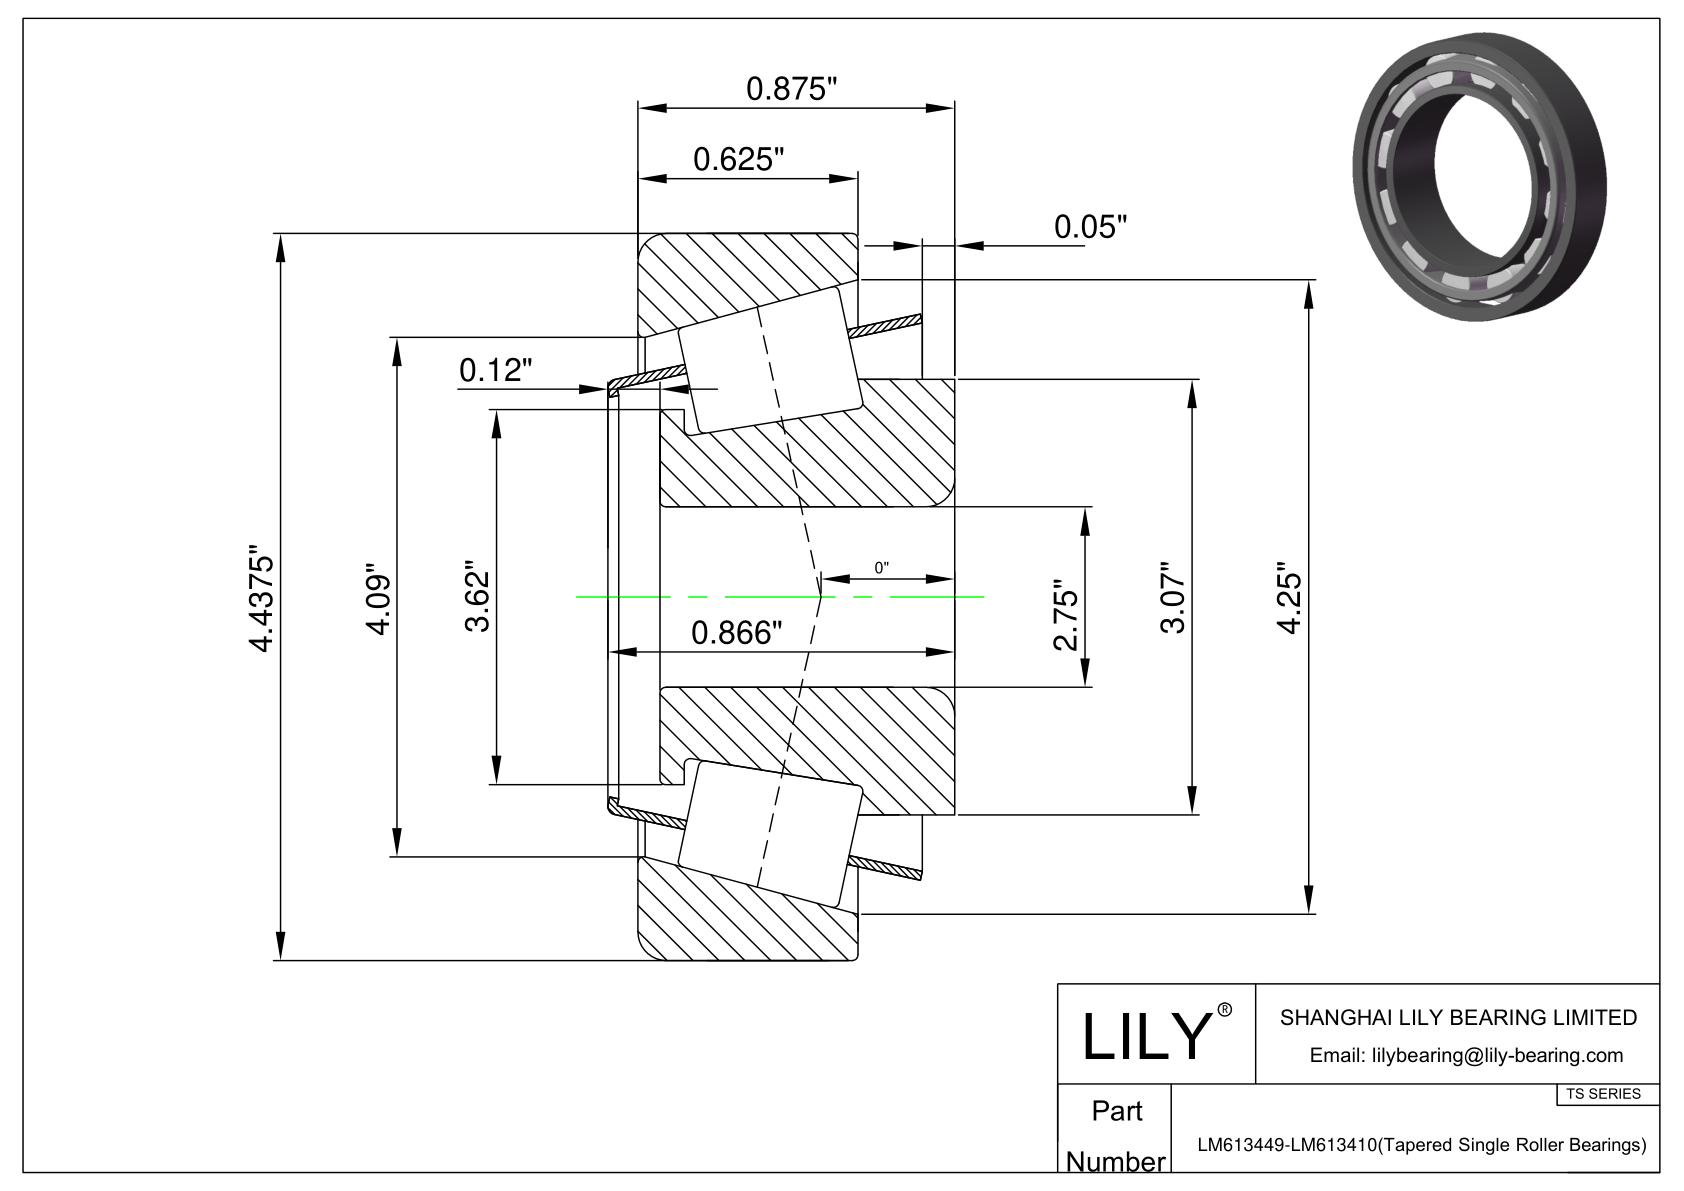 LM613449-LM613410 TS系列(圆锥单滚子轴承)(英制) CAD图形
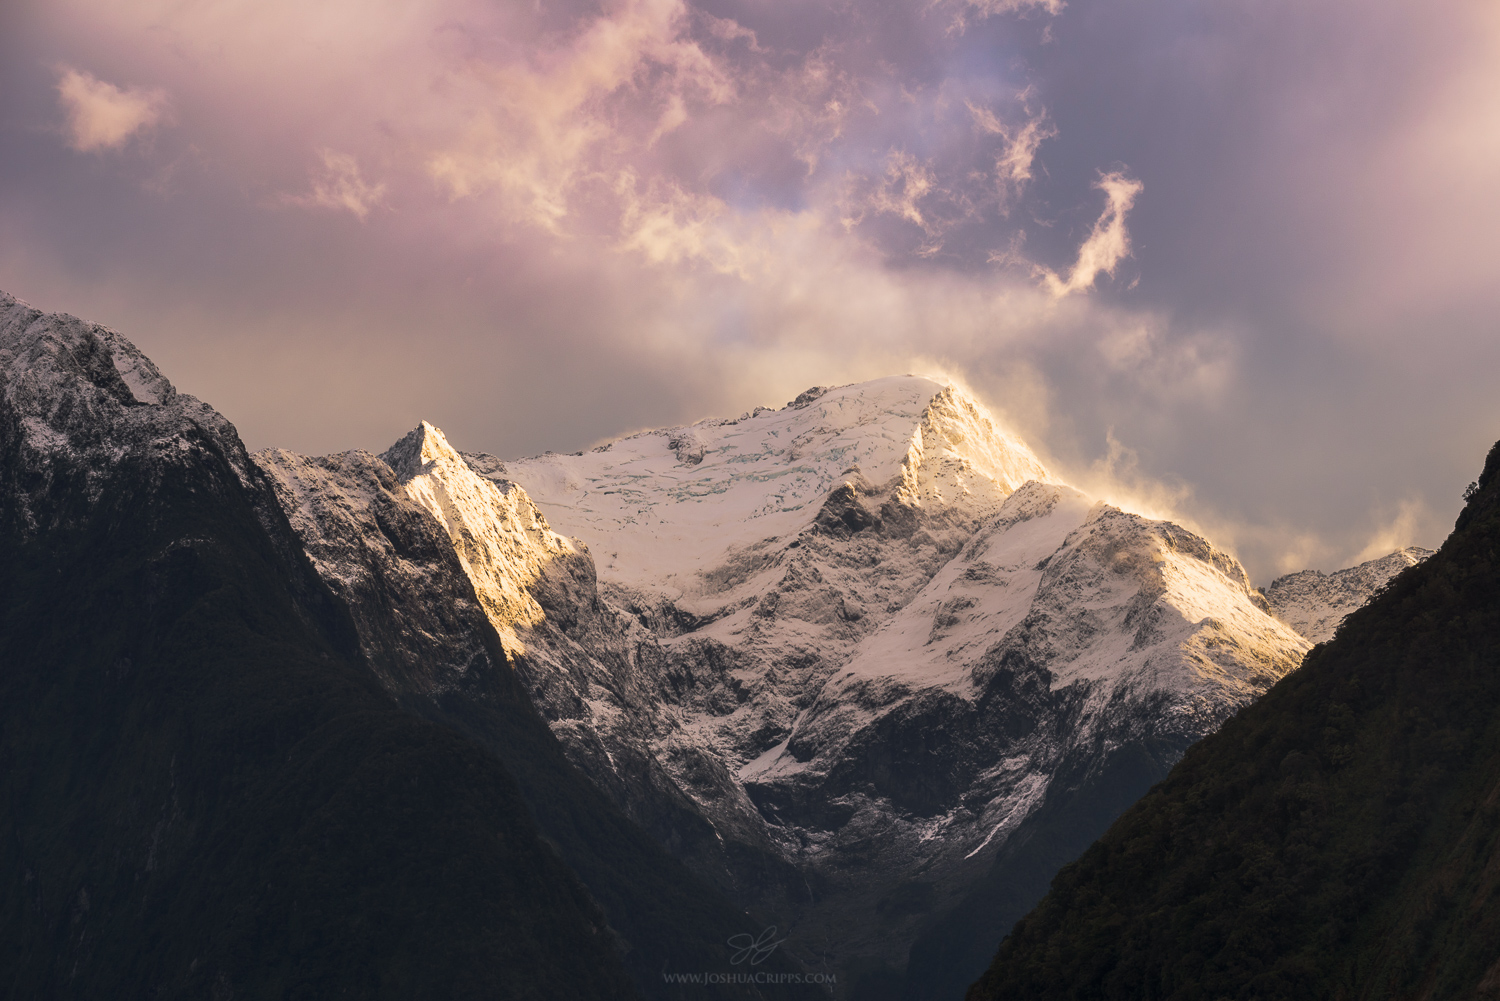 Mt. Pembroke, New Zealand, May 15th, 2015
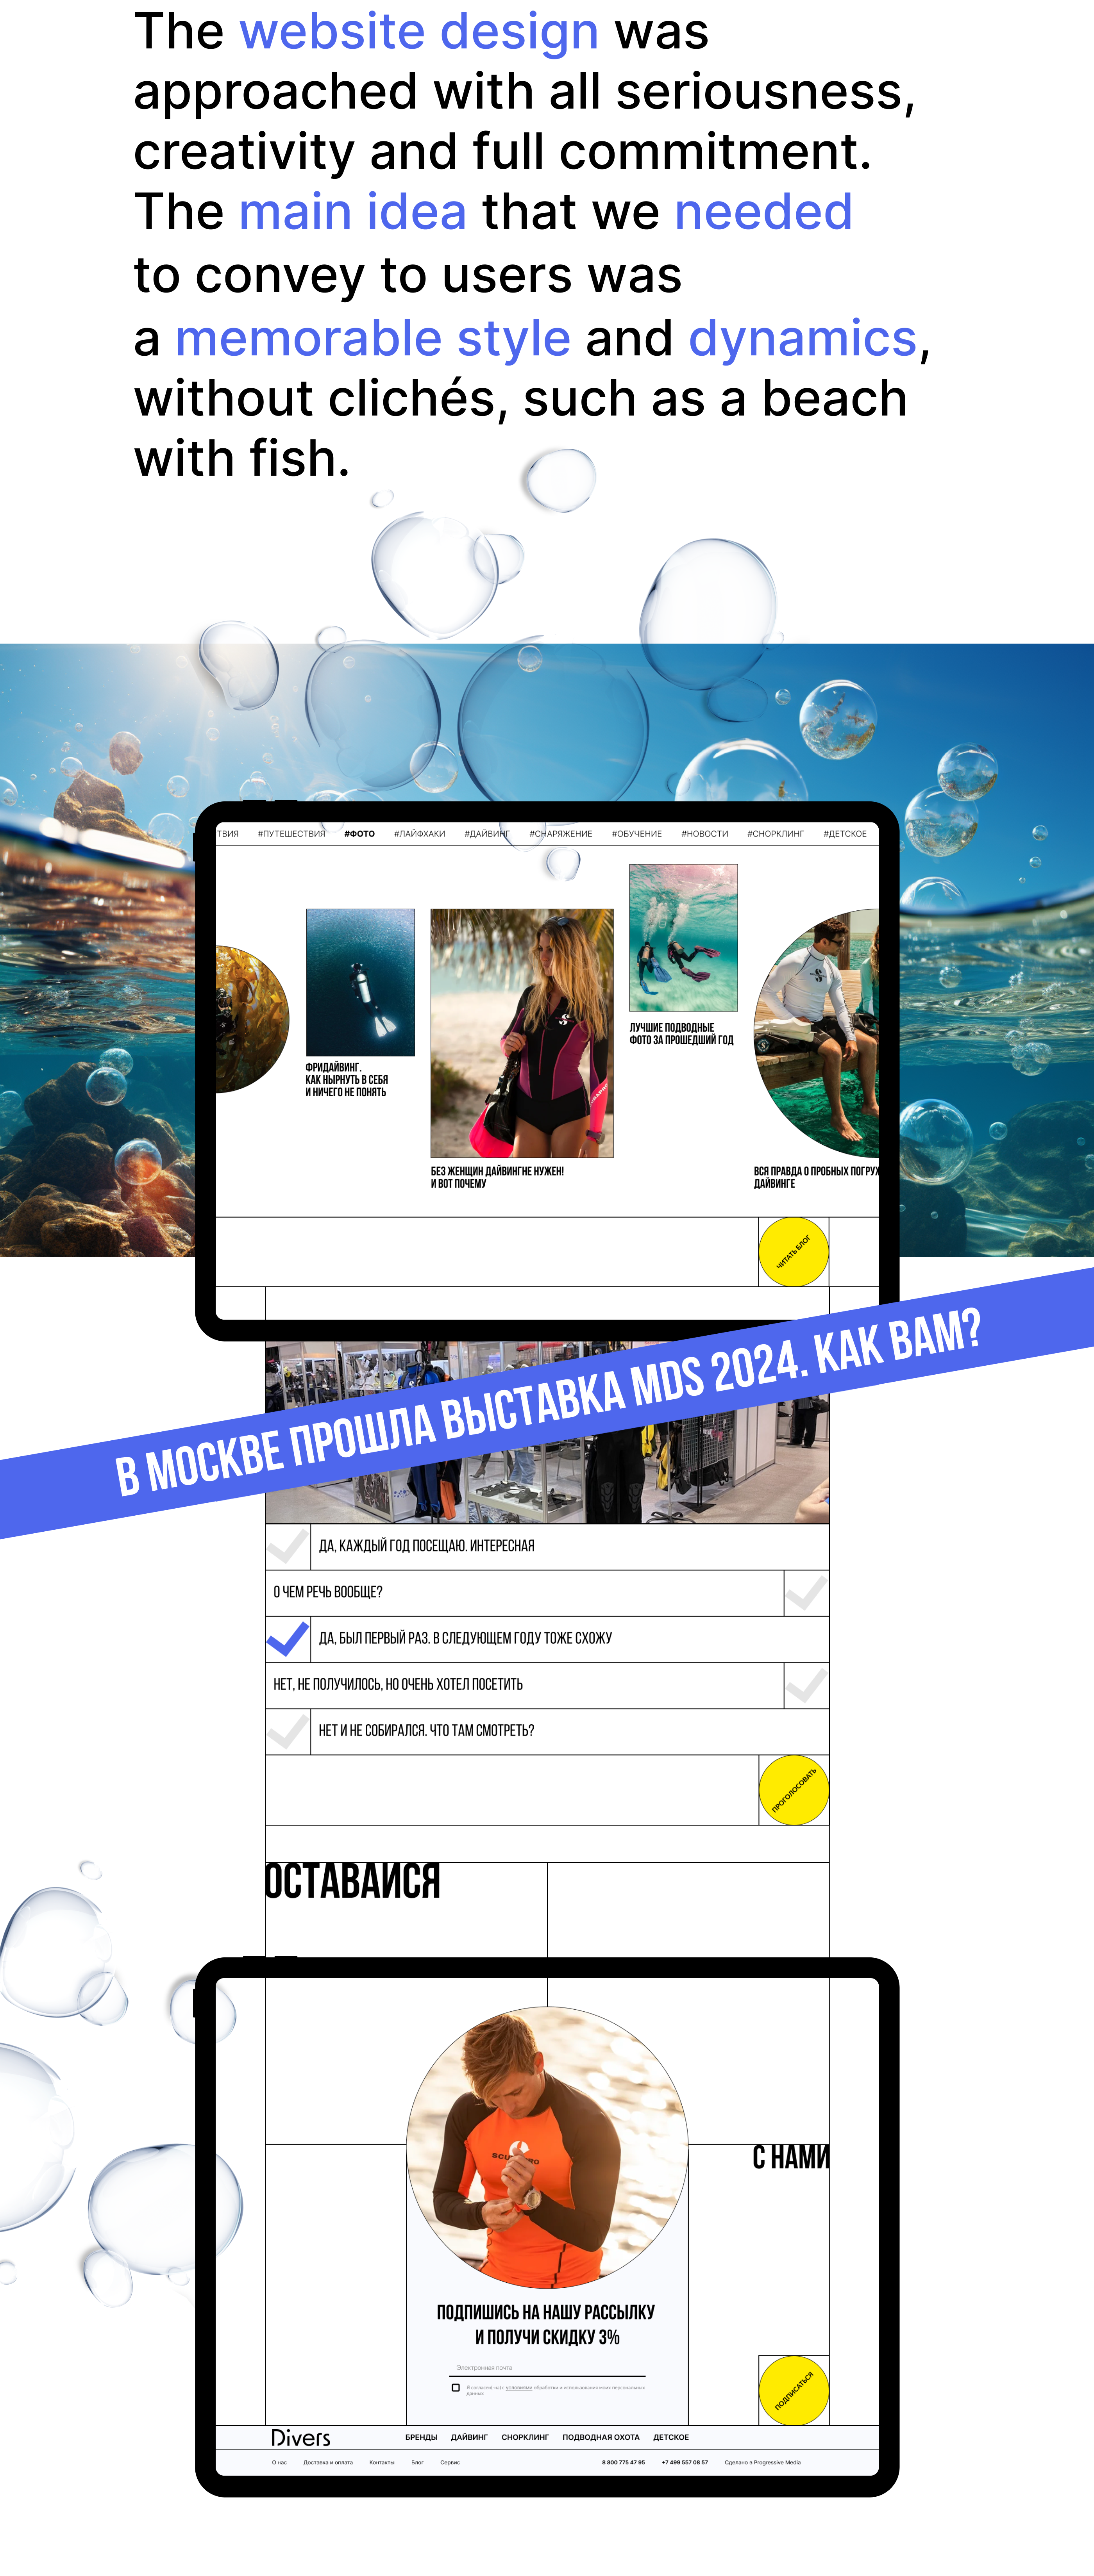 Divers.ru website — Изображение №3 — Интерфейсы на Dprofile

________________________________________

Directions for this task
Take the line containing "Mt. Pembroke, New Zealand, May 15th, 2015" as the first line and the last line of the data above as the final one, and output exactly the lines between them, inclusive, with no pictures.

Exercise answer
 Mt. Pembroke, New Zealand, May 15th, 2015
 Divers.ru website — Изображение №3 — Интерфейсы на Dprofile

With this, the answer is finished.